Regarding specialized foundation models (e.g., robotics or biology), there’s a strong belief that generalization improves capabilities, and combining everything produces a much better overall result [00:25:49].
Role of Developers and Companies
Companies are advised to stay on top of rapid AI progress by developing strong internal evaluations (evals) for their specific use cases [00:17:56]. This enables them to quickly assess new models and adapt their prompts and scaffoldings [00:18:11]. Michelle Pokris suggests building features that are “just out of reach” of current models, as new model releases can quickly enable them [00:18:22].

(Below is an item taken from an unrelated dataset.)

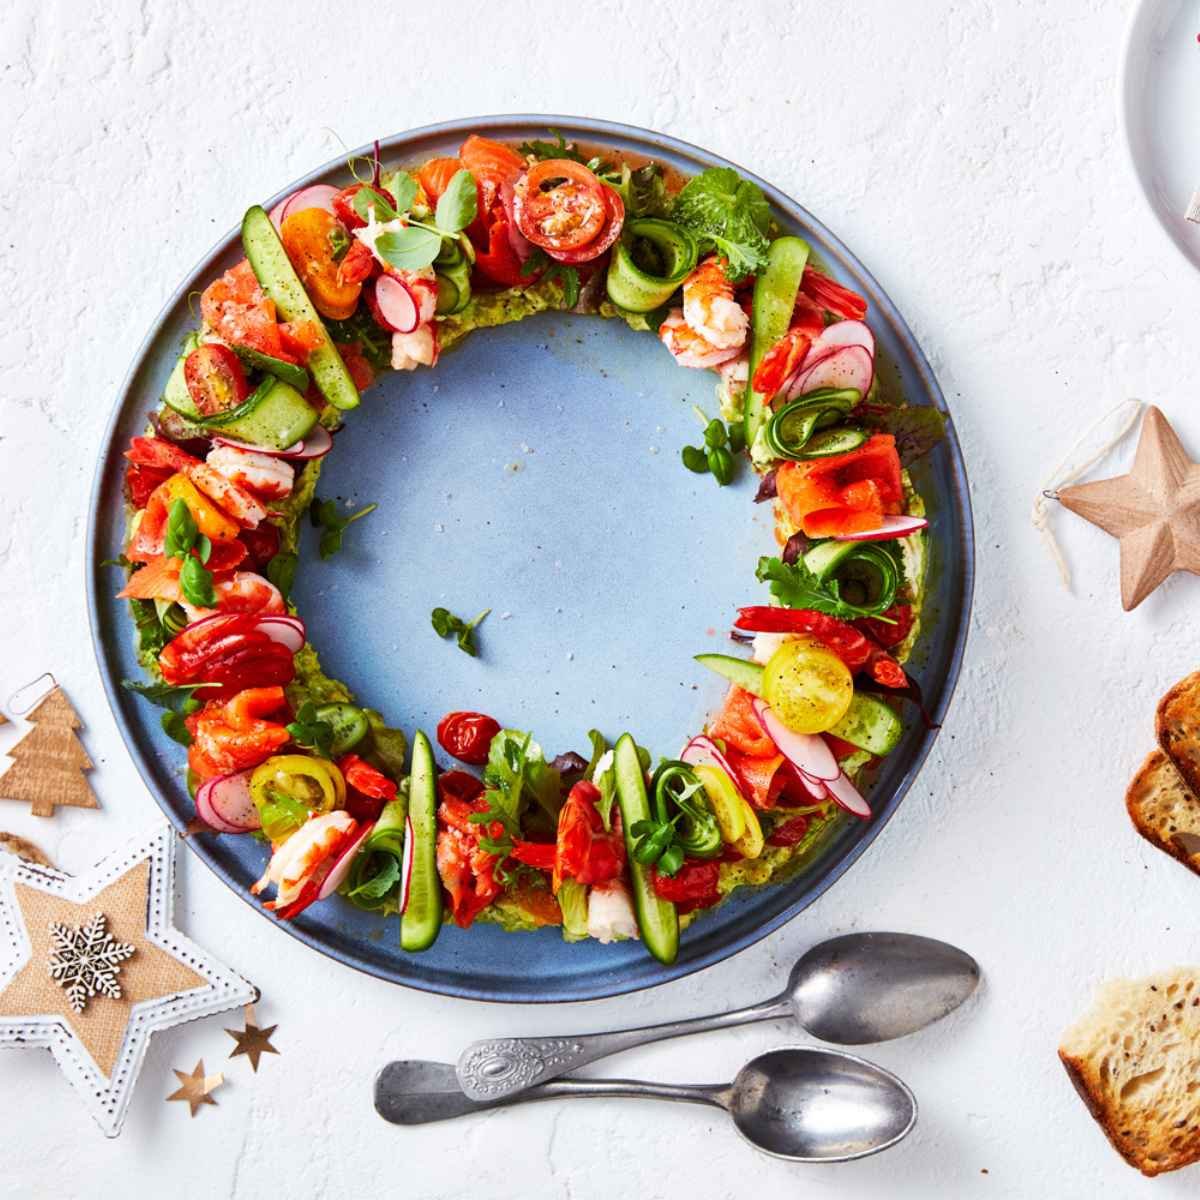 A wreath made with prawns, salmon, Qukes cucumbers, mix-a-mato tomatoes and petite tomatoes. On the side are spoons and Christmas ornaments.

While scaffolding to make products work today is valuable (offering “arbitrage” for a few months), companies should be prepared to change things as core capabilities like context windows, reasoning, and instruction following continue to improve [00:19:54]. Multimodal capabilities are also rapidly improving, making it worthwhile to connect models to as much information as possible, even if initial results are modest [00:20:36].
For app layer companies, strong AI expertise may not be as crucial as understanding the product and being “scrappy engineers” who can combine models and solutions [00:31:31]. The most successful developers and startups are those who deeply understand their problem, have comprehensive evaluations for subcomponents, and design modular systems [00:30:16].
Personalization and AGI
The trend of enhanced memory in models means that future ChatGPT experiences will be highly personalized, adapting to individual users and their preferences [00:39:03]. Increased steerability through features like custom instructions will also allow users to fine-tune the model’s “personality” [00:39:25].

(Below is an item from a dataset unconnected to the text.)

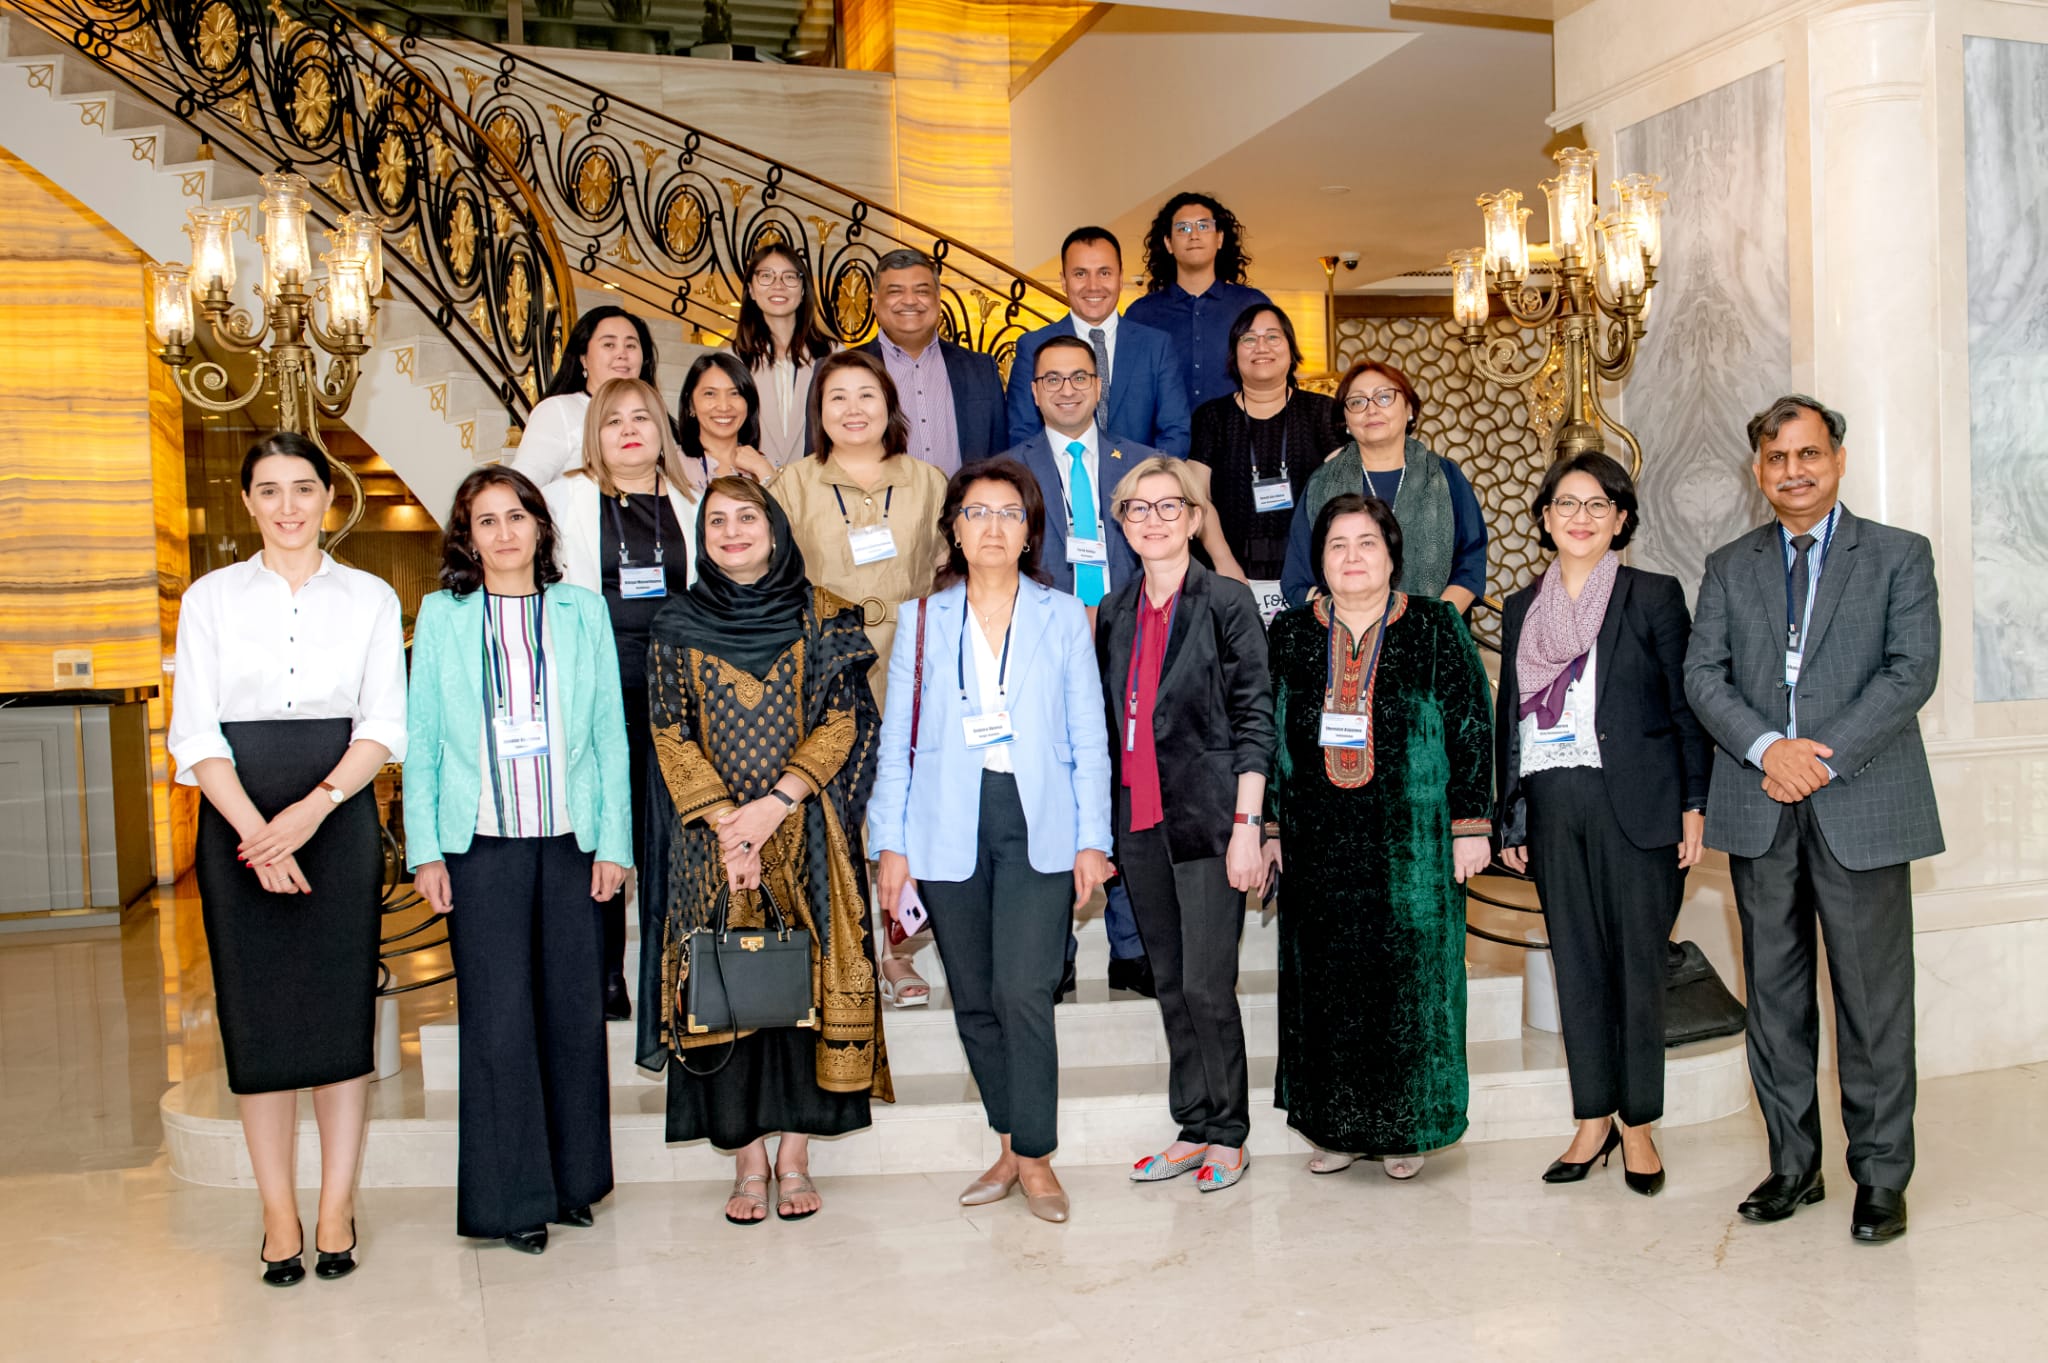 The department head of the State Committee participated in the first meeting of the Regional Expert Group on Gender Issues in Istanbul

The ultimate goal of combining different model families (like 4.0’s conversational strengths and 03’s reasoning capabilities) into a single model, such as GPT-5, is a significant research challenge. The difficulty lies in striking the right balance to be a delightful conversationalist while also knowing when to engage in deep reasoning [00:37:25].
Michelle Pokris believes that even if model progress stopped today, there would still be at least 10 years of value to build from existing capabilities [00:37:07].